After five days of intense discussions, the European Council, which brought together the Heads of State and Government of the 27 member states, reached an agreement on the next long-term EU budget

By: N. Peter Kramer - Posted: Wednesday, July 22, 2020

The question is, shall the ‘gains’ of the so called five frugal member states last? Or will appear at the end of the battle with the EP, that all the Council efforts and long hours were for nothing?
The question is, shall the ‘gains’ of the so called five frugal member states last? Or will appear at the end of the battle with the EP, that all the Council efforts and long hours were for nothing?

by N. Peter Kramer

After five days of intense discussions, the European Council, which brought together the Heads of State and Government of the 27 member states, reached an agreement on the next long-term EU budget (MFF 2021-2027) and on the recovery fund (Next Generation EU). The 1.82 trillion euro deal (MFF: 1.074 trillion and Next Generation EU: 750 billions) has been called by many a really Historical Deal!

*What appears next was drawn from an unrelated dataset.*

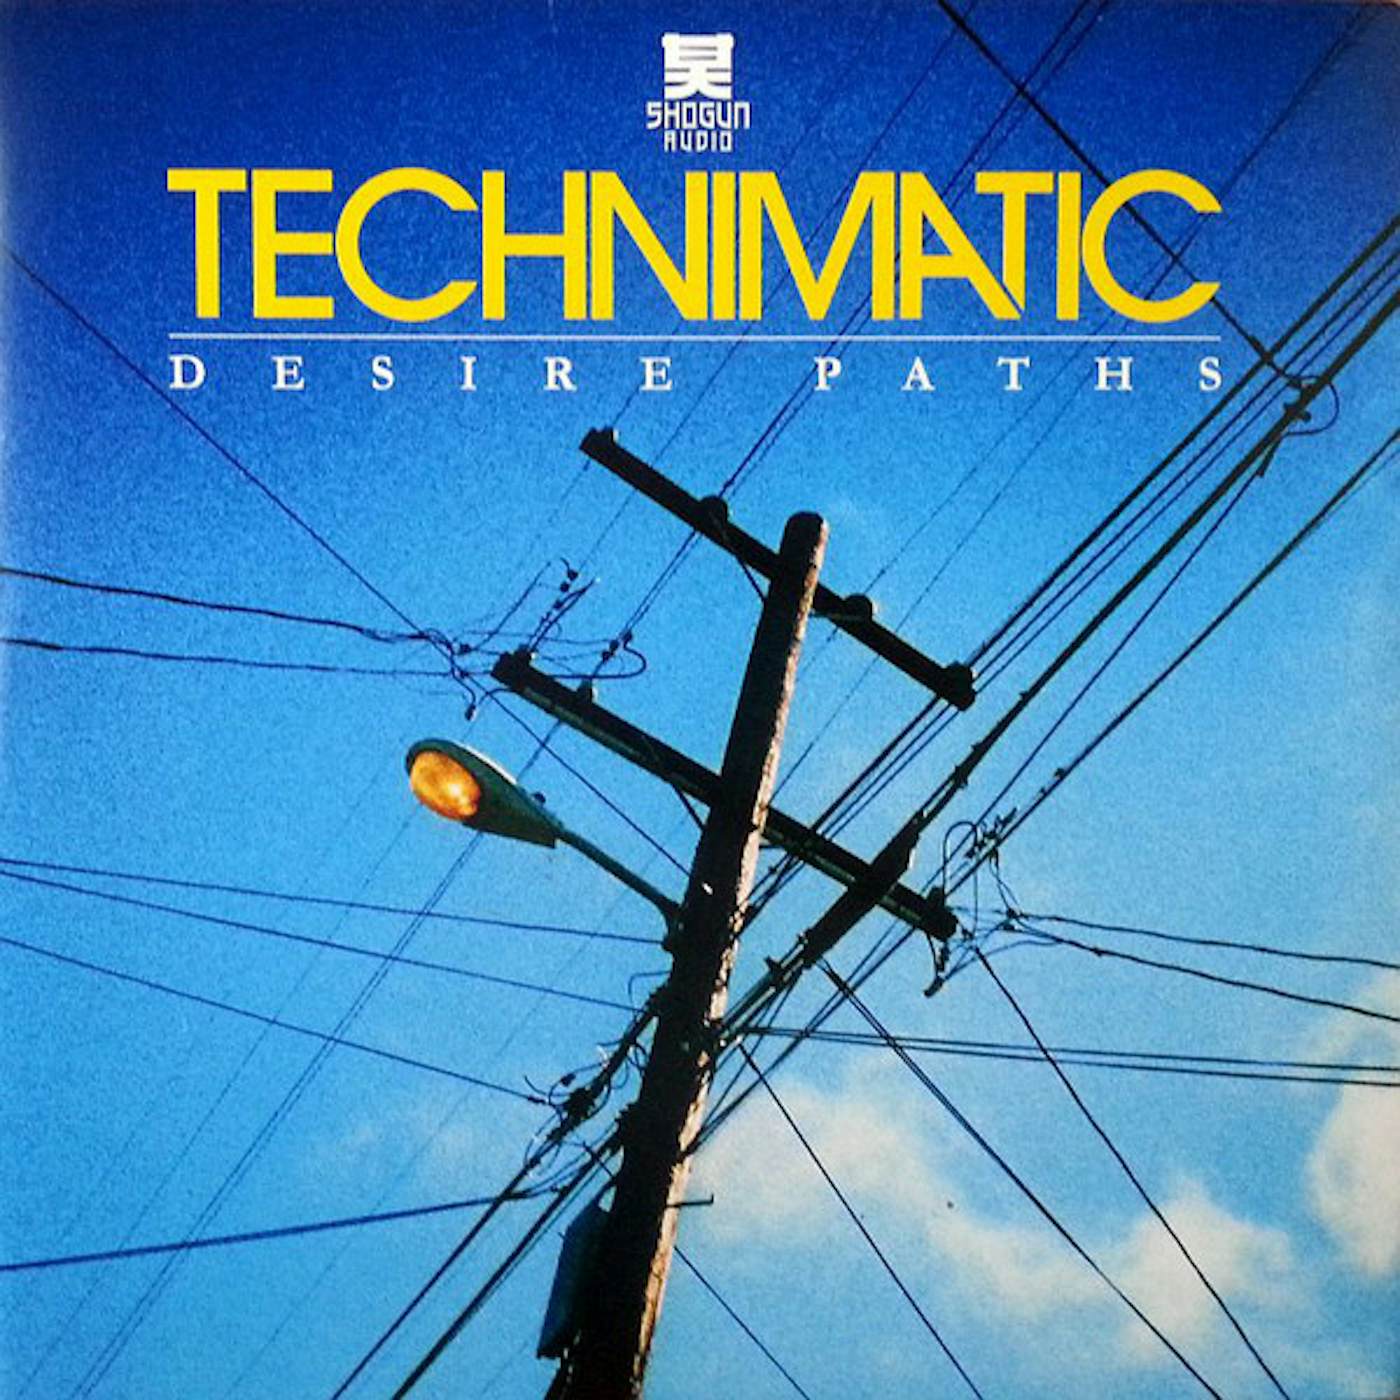 Technimatic Desire Paths Vinyl Record

But isn’t that cheered a bit to early? The Council has still to negotiate with the European Parliament, the co-legislator. And the first signals from that side are far from positive. The EP negotiating team let already know that it is negative when it comes to the MFF. ‘Parliament cannot accept the proposed record low ceilings as they mean renouncing to the EU’s long-term objectives and strategic autonomy’, the negotiators let know. And -of course- they want more money, for public health, research, digitalisation, youth and the fight against climate change. ‘Key programmes to reach these objectives have been considerably shrunk and lost most of their top ups under Next Generation EU’, the negotiators wrote.

Also the political groups in the EP do not allow themselves to be defied. ‘The Parliament will amend the EU budget’, says Iraxte Garcia, leader of the Socialists (S&D). ‘The proposal needs consistent improvements’, according to the Liberal (Renew Europe) leader Dacian Ciolos. The European Greens comment: ‘the deal watered down the idea of linking the EU budget to high rule of law standards’.

There is still a long and bumpy way to go. And the question is, shall the ‘gains’ of the so called five frugal member states last? Or will appear at the end of the battle with the EP, that all the Council efforts and long hours were for nothing?